*** Opening of GIVEN INFORMATION ***
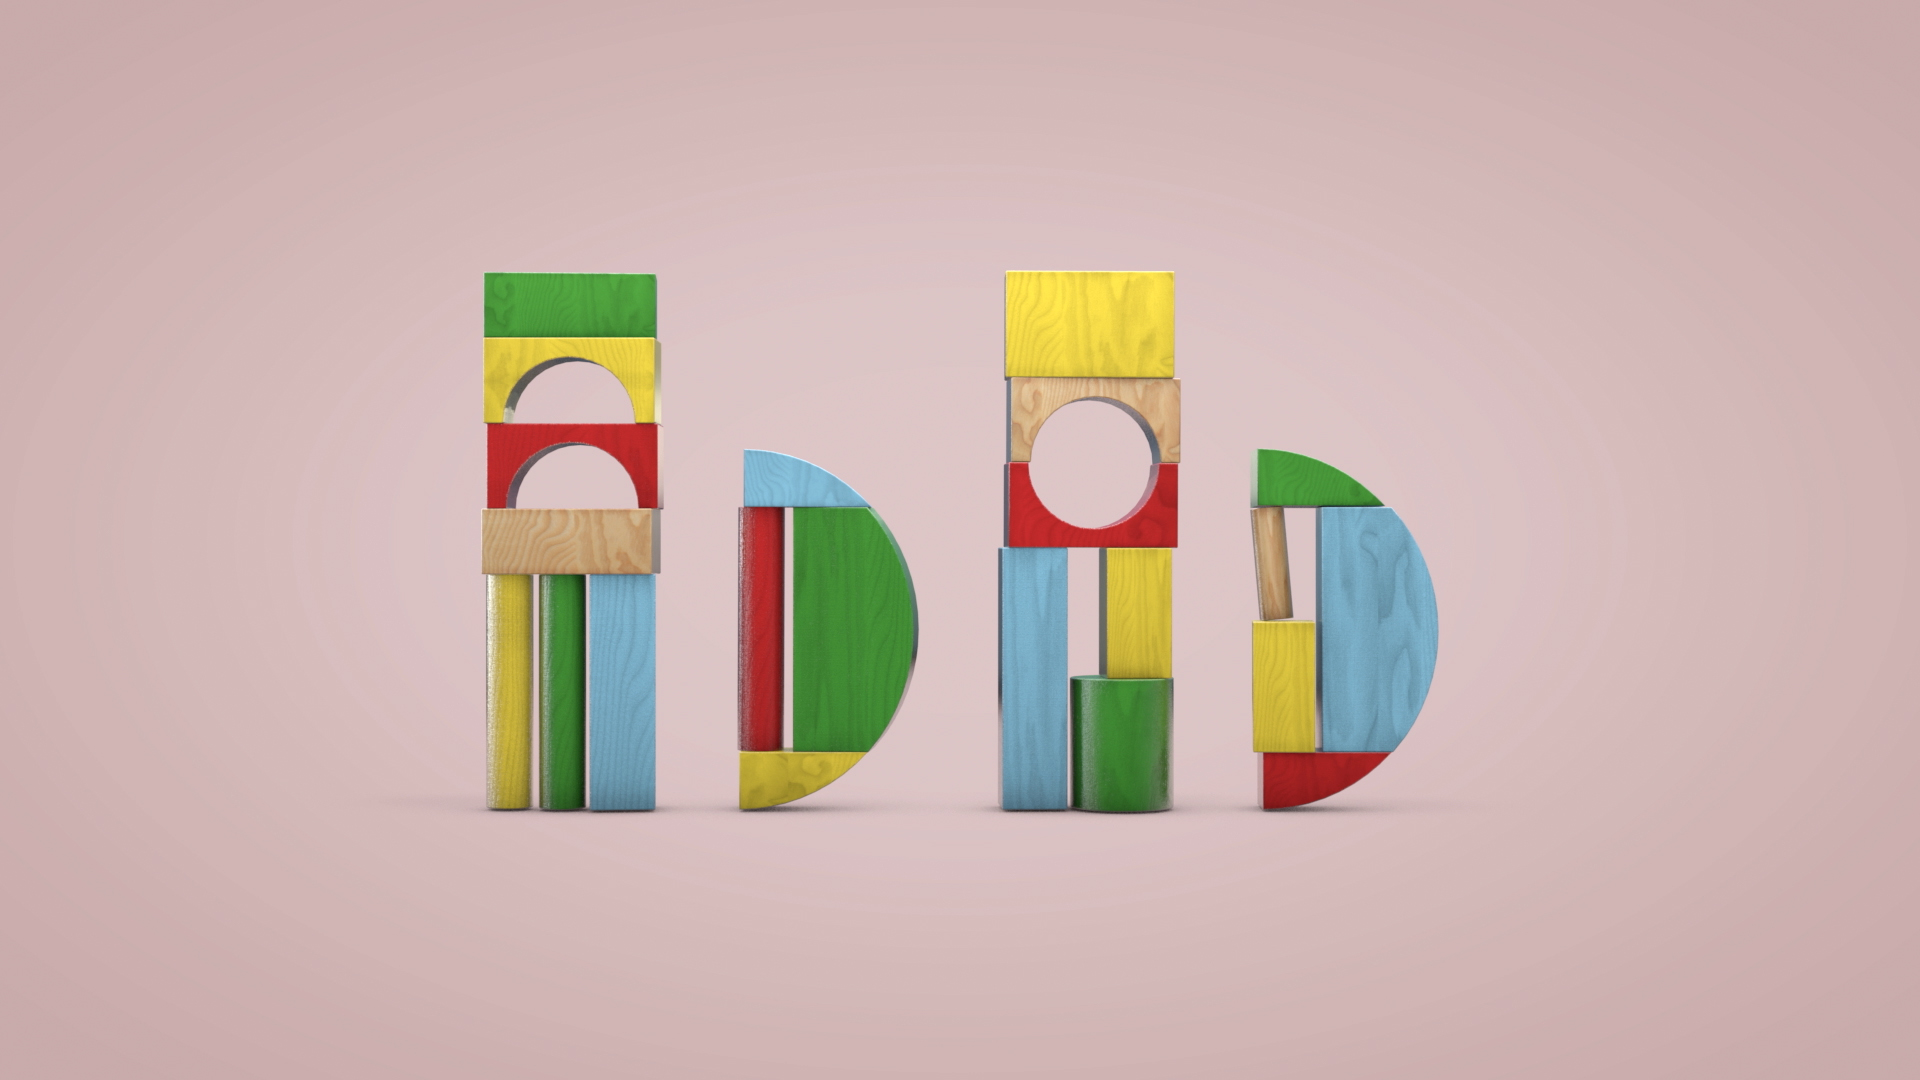 Bom Bom logo made of toy blocks
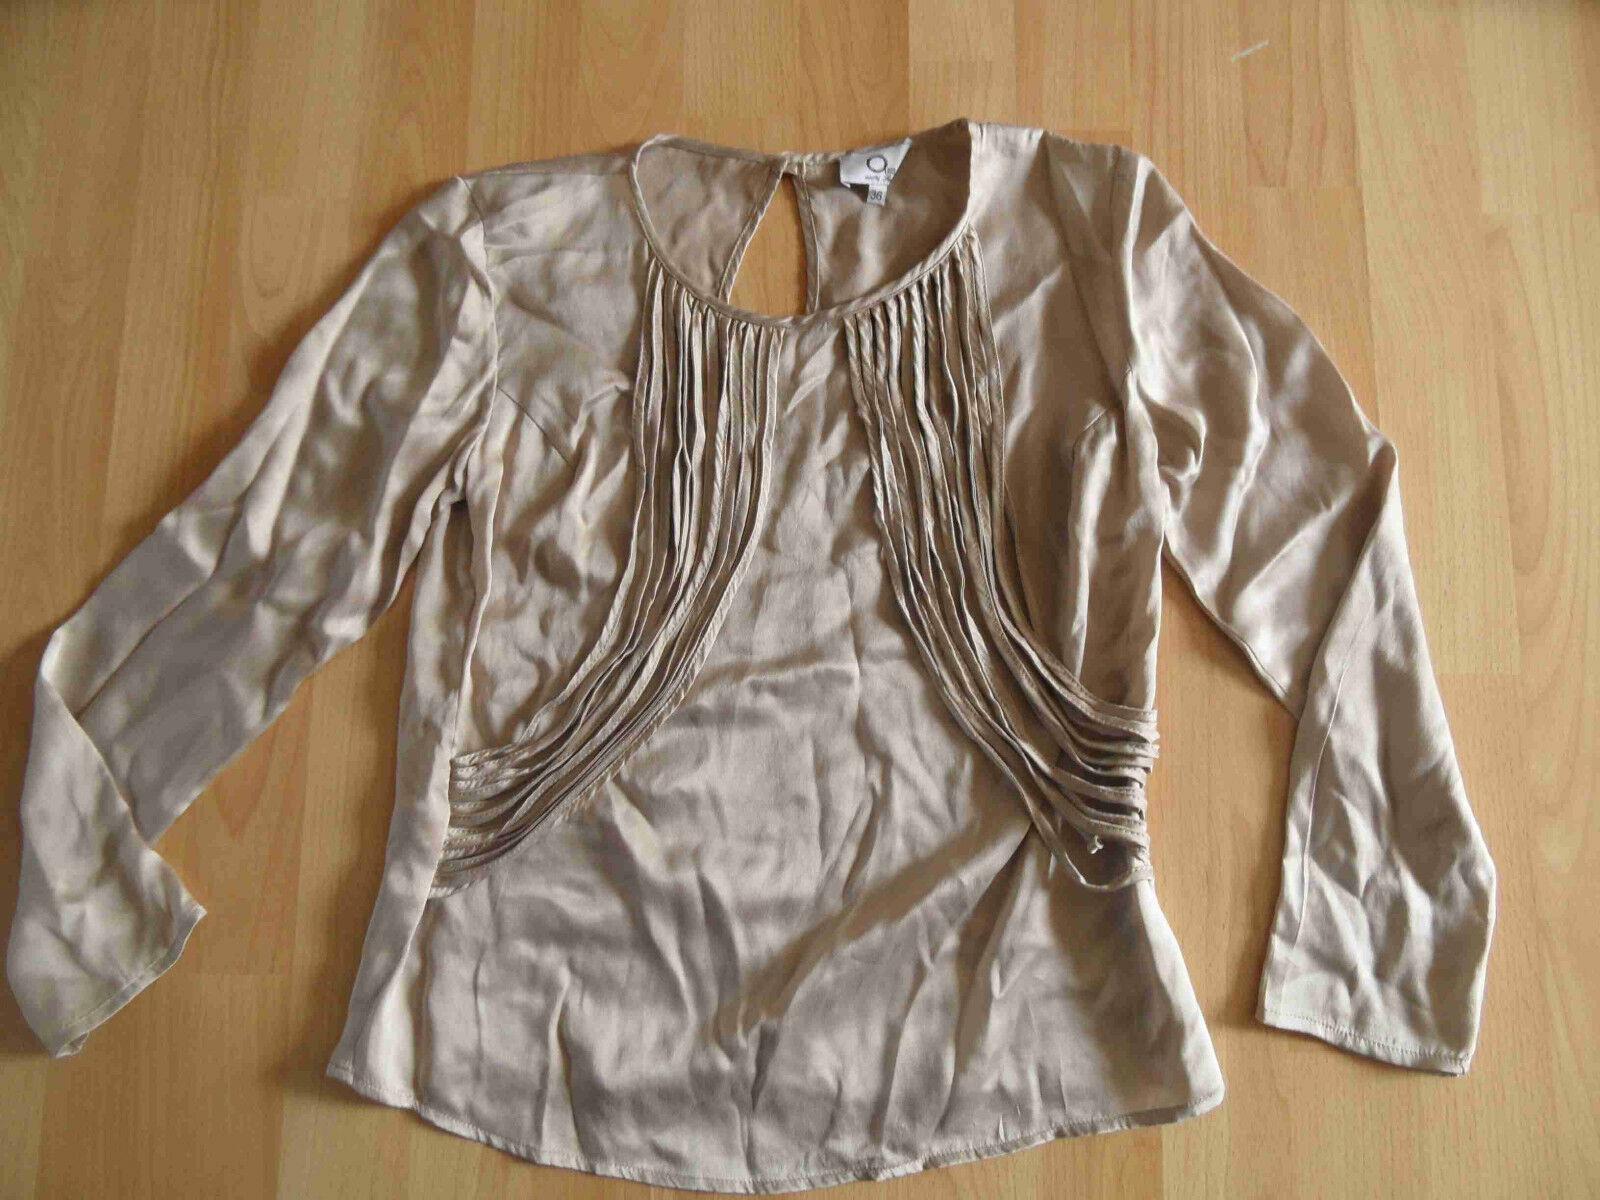 ZOE ONA Designer Blausenshirt Seide taupe Gr. 36 NEUw.  OA1
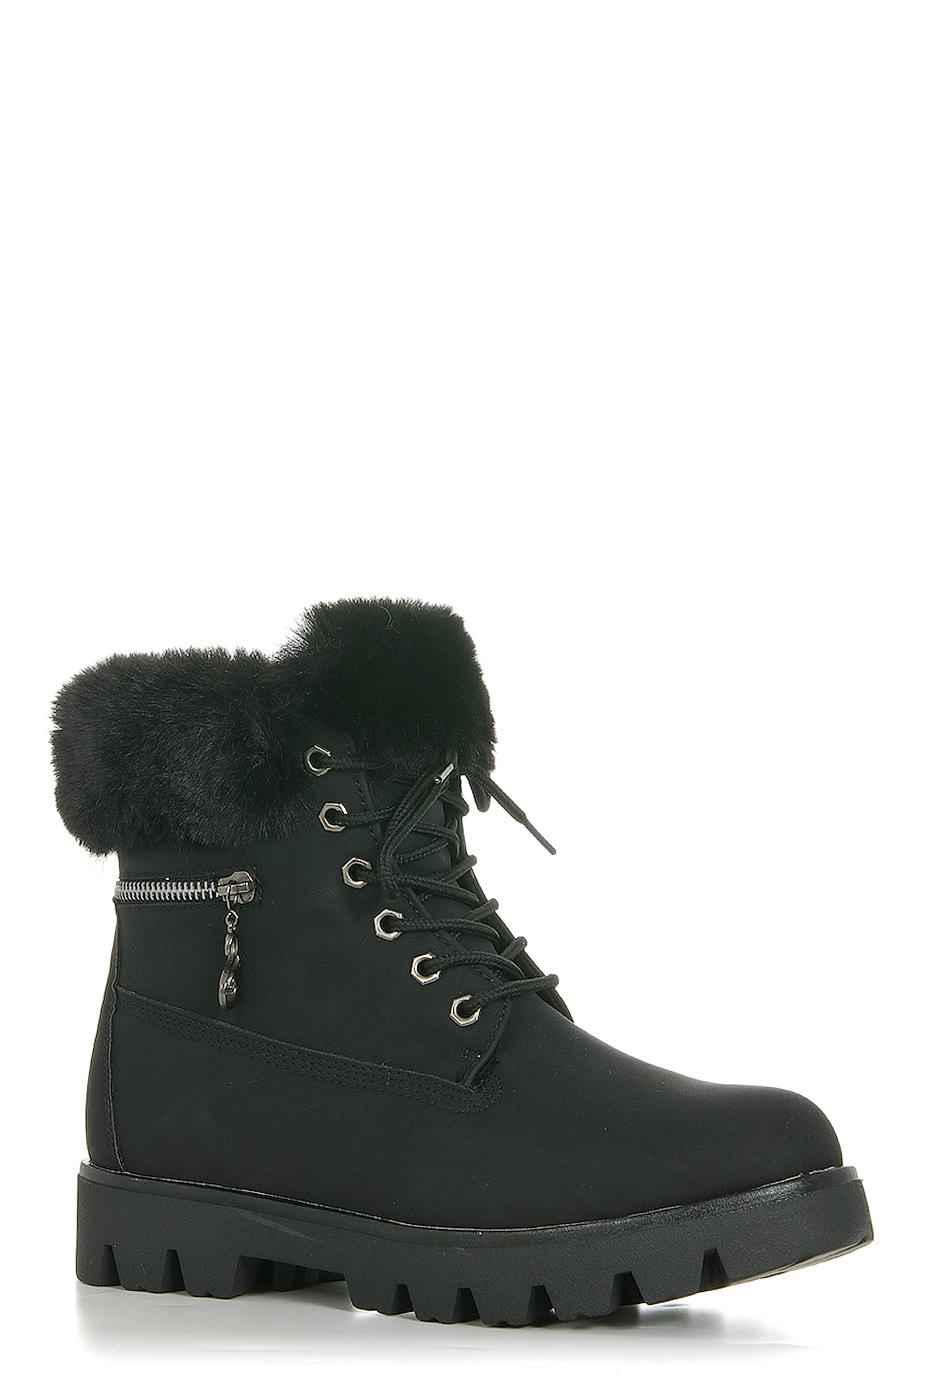 Ботинки TOPLAND2322-PB76254B/BLACK
*** Close of GIVEN INFORMATION ***
Each line above should be written out again exactly, without any image.

RESPONSE TO THE EXERCISE>
 Bom Bom logo made of toy blocks
 ZOE ONA Designer Blausenshirt Seide taupe Gr. 36 NEUw.  OA1
 Ботинки TOPLAND2322-PB76254B/BLACK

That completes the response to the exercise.